Tuesday, October 27, 2009 

The problem with being a ...reactionary type person with a public forum at your disposal is that from time to time you can get a little carried away.


 there is an art to apologizing where if you (her) do it correctly the person (me) you are apologizing to feels like a complete knob.  and while i wasn't too far off base on my criticism...i probably could have...oh...toned it down a bit. seeing as how this person is going through a traumatic time and is much like a drowning person simply clawing for something stable to keep herself afloat.  in my defense...if she was a
he...all of my rhetoric would have been completely acceptable. 

 

anyhow the point is- learning to apologize is very important.  many many big problems can be headed off, minds can be changed and doors can be opened if you just admit you screwed up, and do it early.  I'm good at it and once you do it a few times it becomes easy...hell nowadays i can say "i,m sorry" even when i don't mean it in the least bit. so hey..."i'm sorry" about the mean blog yesterday. 

 

really though, it might have been a jag move...i gotta think it over.  i mean the blog must go on...that's what was on my mind and it made for an entertain few paragraphs even if i came across like a jerk.  which brings me to my constant delema.  if i put up a blog in a fever pitch of being pissed and later think it makes me look like as ass or was off base on some things, do i go back and take it down?  my policy is "no" because that's pretty disingenuous, people come here to read what i think and out of morbid curiosity as to what makes the guy who writes Arsenic Lullaby tick. so if i were to keep fine tuning everything just to make myself seem cool and mature...there wouldn't be much reason for anyone to read it.

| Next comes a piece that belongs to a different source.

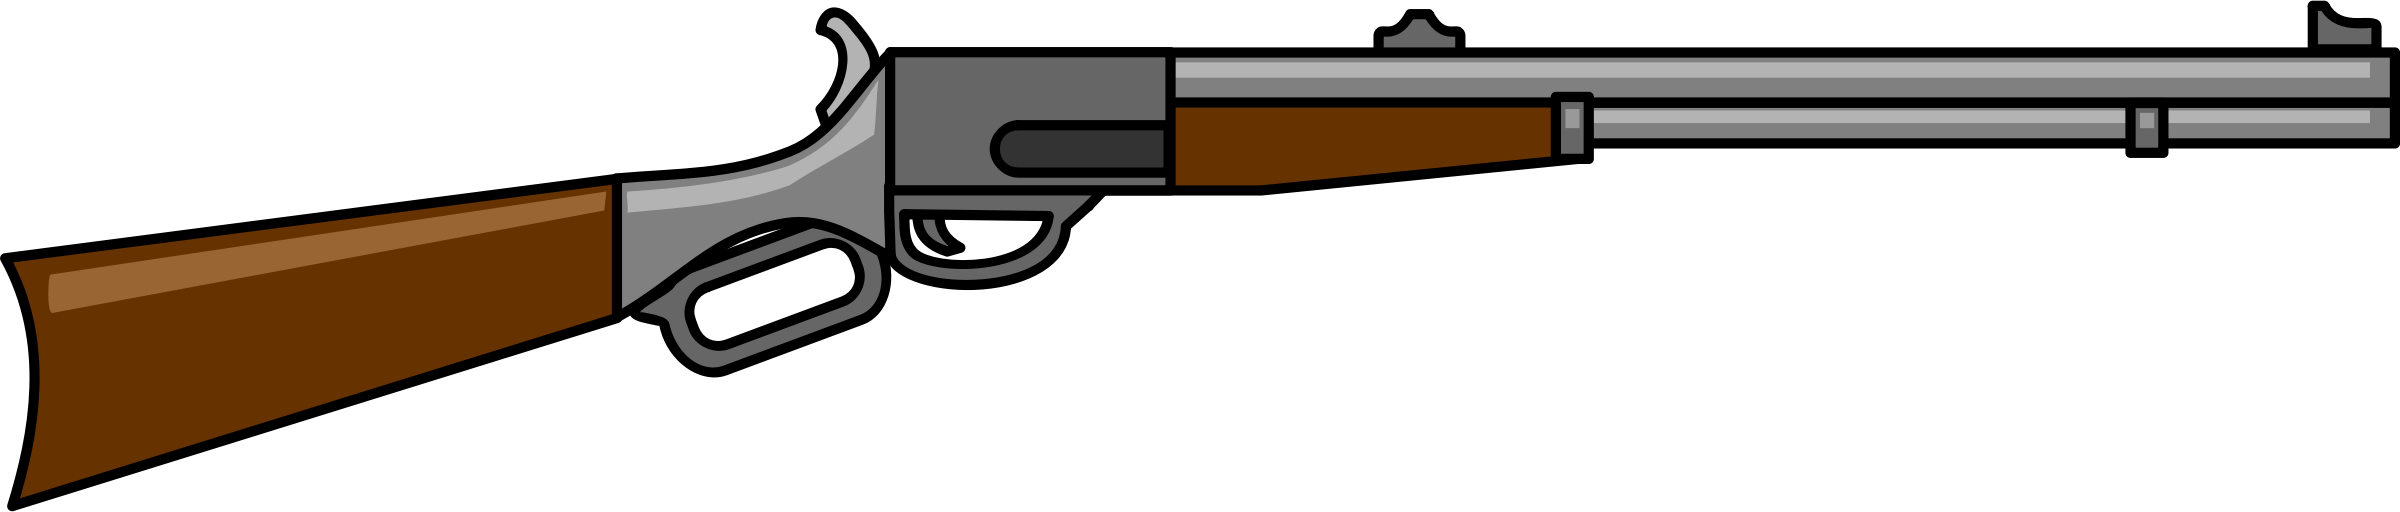 Cartoon Gun PNG - 161362

truth be told as much as the whole incident with her annoyed me it also made me pretty sad.  We are cut from the same clothe her and i and i figured that by not hearing from her all this time that it meant her life was going just fine and didn't need me around...which would be just fine and i'd be happy for her, AND it would mean that there is hope for me too. so you mix that emotion with the irritation at the all the annoying things i already mentioned and you get what i wrote. i'll just leave it up maybe in two more days i'll think i wasn't harsh enough.  i will say this for sure...i was wrong to say i didn't care cause i do.  



i'll just move on and try to keep myself out of trouble by answering some questions about the E-Bay stuff. (keyword Arsenic Lullaby)

There seems to be a lot of confusion about the sketchbooks...and don't feel stupid here or think any question is a stupid question because, i don't think we explained it very well and even the video wasn't too clear.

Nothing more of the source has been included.